Si tratta di un racconto immaginario, ma fors’anche di qualcosa di più. Una scrittrice, Bia Cusumano ed un filosofo, Fabio Gabrielli, si mettono in relazione e raccontano incrociando parole, esperienze e storie, consapevoli che è sul racconto che si regge il tempo. Narrano così la bambina 445537, figlia della storia più drammatica e con l’identità tatuata sull’avambraccio sinistro che di sé parla con il più attuale Numa, generato dalla cultura digitale, tecnologica, viziata e senza orizzonti del presente.
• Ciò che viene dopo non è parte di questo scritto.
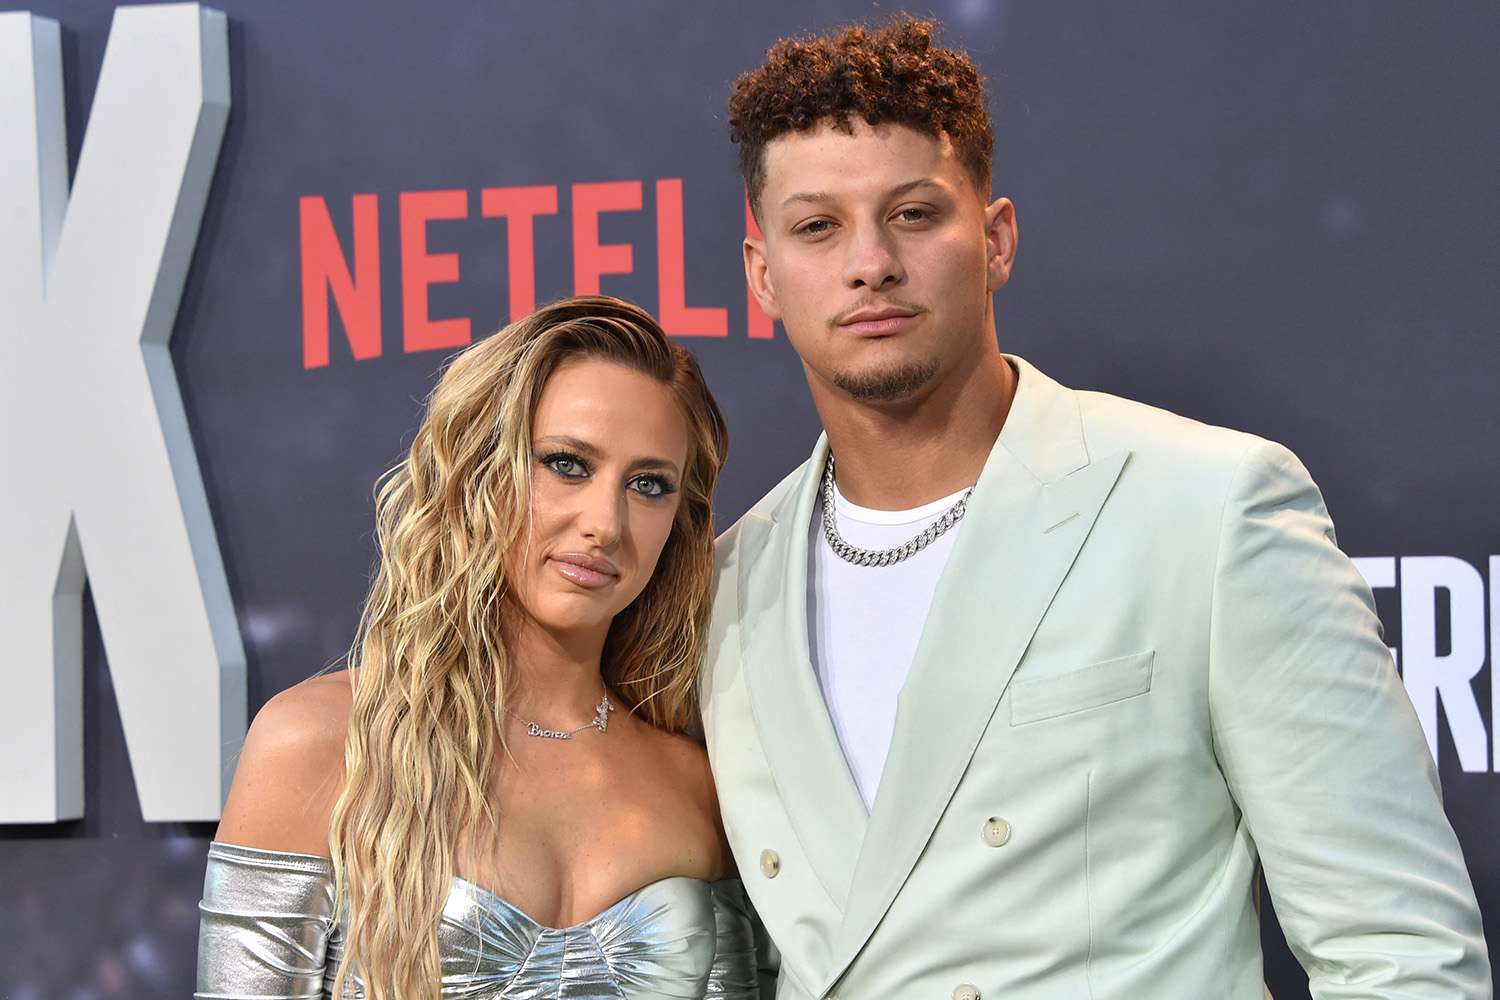 Hard to believe ' Patrick Mahomes and wife Brittany are ‘going their own separate ways’ secret text reveled 
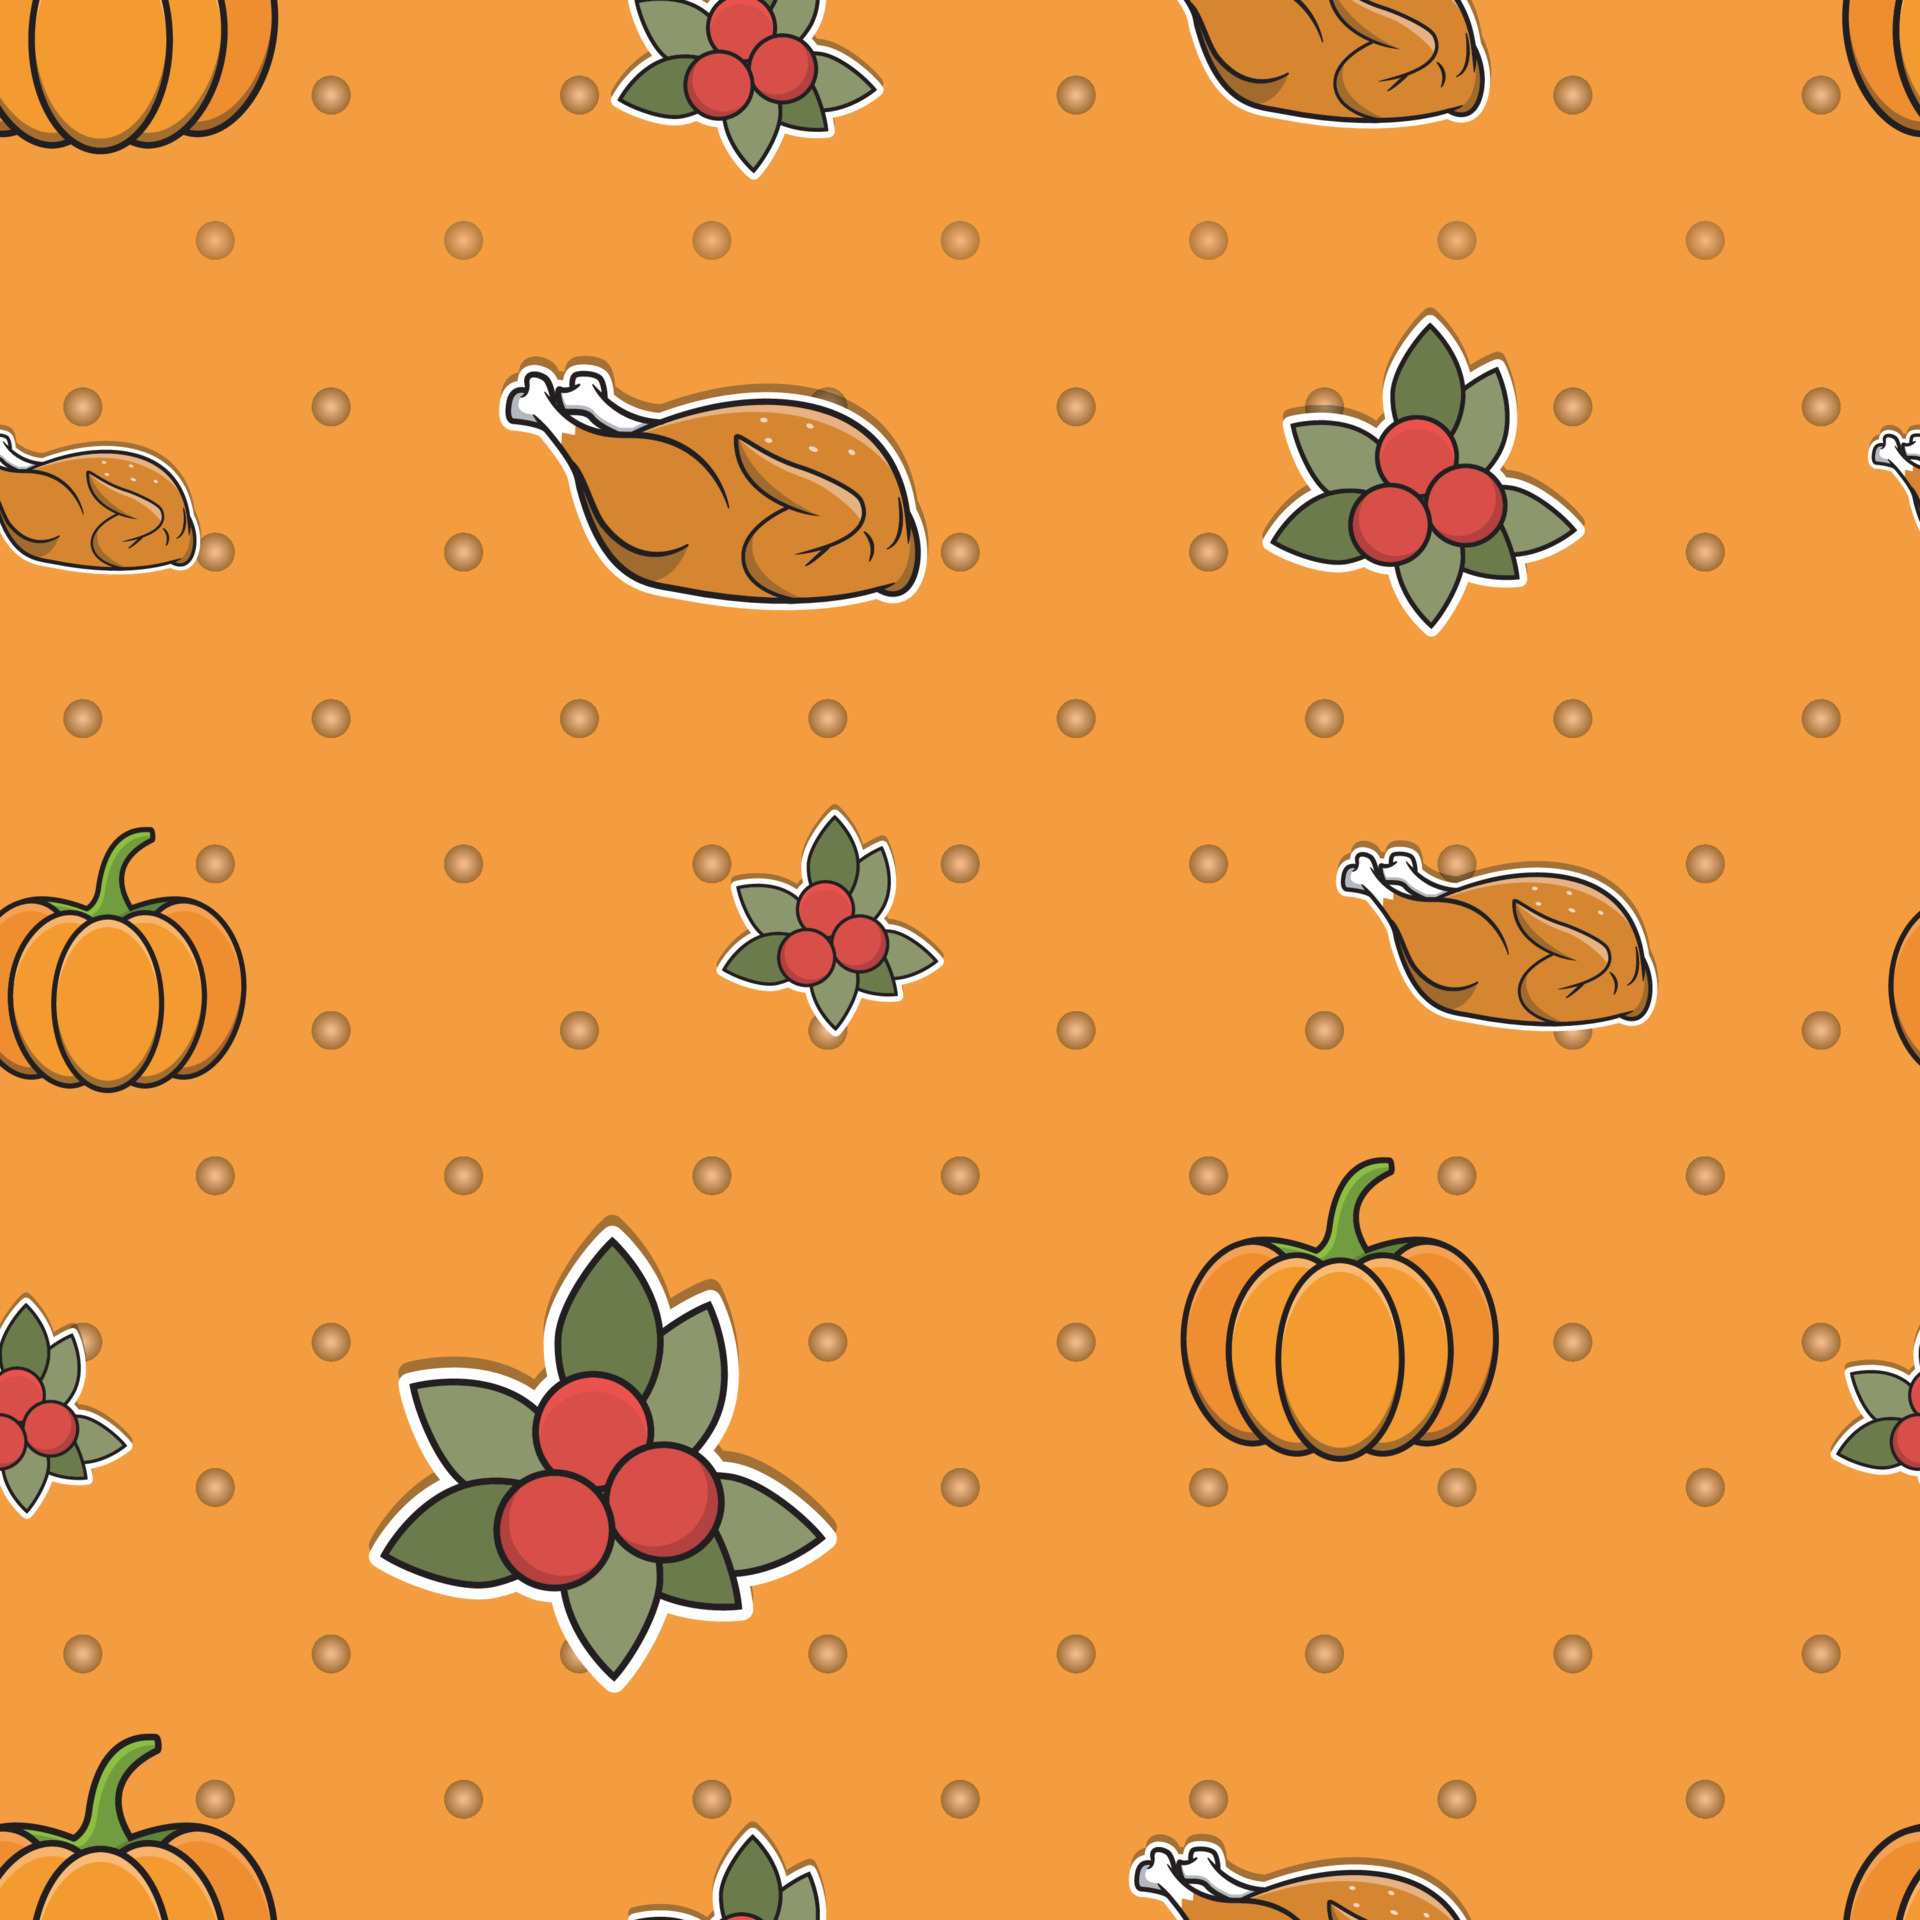 Cute seamless Country Fall patterns for Wallpaper and Wall Design With Pumpkins, Chickens, and Cherrys

Apparentemente un colloquio fra distanze siderali e fra domande opposte, ma in realtà invece un “idem sentire” circa l’esistenza infantile, ma già terribilmente adulta e le sue percorrenze.
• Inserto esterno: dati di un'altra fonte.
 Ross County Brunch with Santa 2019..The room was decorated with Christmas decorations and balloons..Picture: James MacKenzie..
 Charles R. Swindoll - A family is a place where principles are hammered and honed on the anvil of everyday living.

L’avventura della vita mi ha regalato la possibilità di leggere moltissime memorie di adulti, ragazzi e bambini travolti dagli orrori del XX secolo e con quello spirito mi sono inoltrato nella “selva oscura” di un racconto che, dall’iniziale evidenza di sé, si fa via via sempre più nostro, mio, vostro e nel quale ritroviamo sovrapposte stigmate della storia e del presente. Camminando fra queste pagine sempre più lentamente e nell’abbraccio di una commozione crescente, d’un tratto ho visto profilarsi all’orizzonte la figurina quasi non più umana di Hurbinek, il “senza nome”.
Hurbinek era un nulla. Un figlio della morte. Un figlio di Auschwitz. Dimostrava circa tre anni e nessuno sapeva niente di lui. Era paralizzato dalle reni in giù e aveva le gambine atrofiche, sottili come stecchini. Il suo minuscolo avambraccio era stato tatuato, proprio come quello della bambina 445537. La parola mancava ad Hurbinek, perché nessuno si era mai curato di insegnargli alcunché e solo la natura-madre lo aveva istruito alla sopravvivenza. Il bisogno della parola premeva però nel suo sguardo con un’urgenza esplosiva. Morì nel marzo del ‘45, avendo conosciuto solo il grigio cielo dei Campi dell’odio. Hurbinek, il “senza nome”.
Il racconto della bambina che non ha nome, ma solo un numero e che con questo gioca mentre consuma i suoi giorni nella miniera della morte, m’è parso un risarcimento per Hurbinek. Mi è sembrato il regalo di quella parola che non ha mai avuto; la dignità di essere raccontato, ma anche di poter entrare in dialogo con Numa e, suo tramite, forse anche con noi. Numa, che tanto sembra l’anagramma di “Uman”, ci richiama ad un perduto senso di umanità. Numa ha tutto. 445537 non ha che il suo numero. Hurbinek non ha nemmeno questo perché non lo può dire. Eppure tutti loro ci chiamano al dovere di non sottrarci, di non evitare, di non cadere nell’oblio e nell’autoassoluzione dalla colpa di aver volto e di volgere tutt’ora altrove, lo sguardo.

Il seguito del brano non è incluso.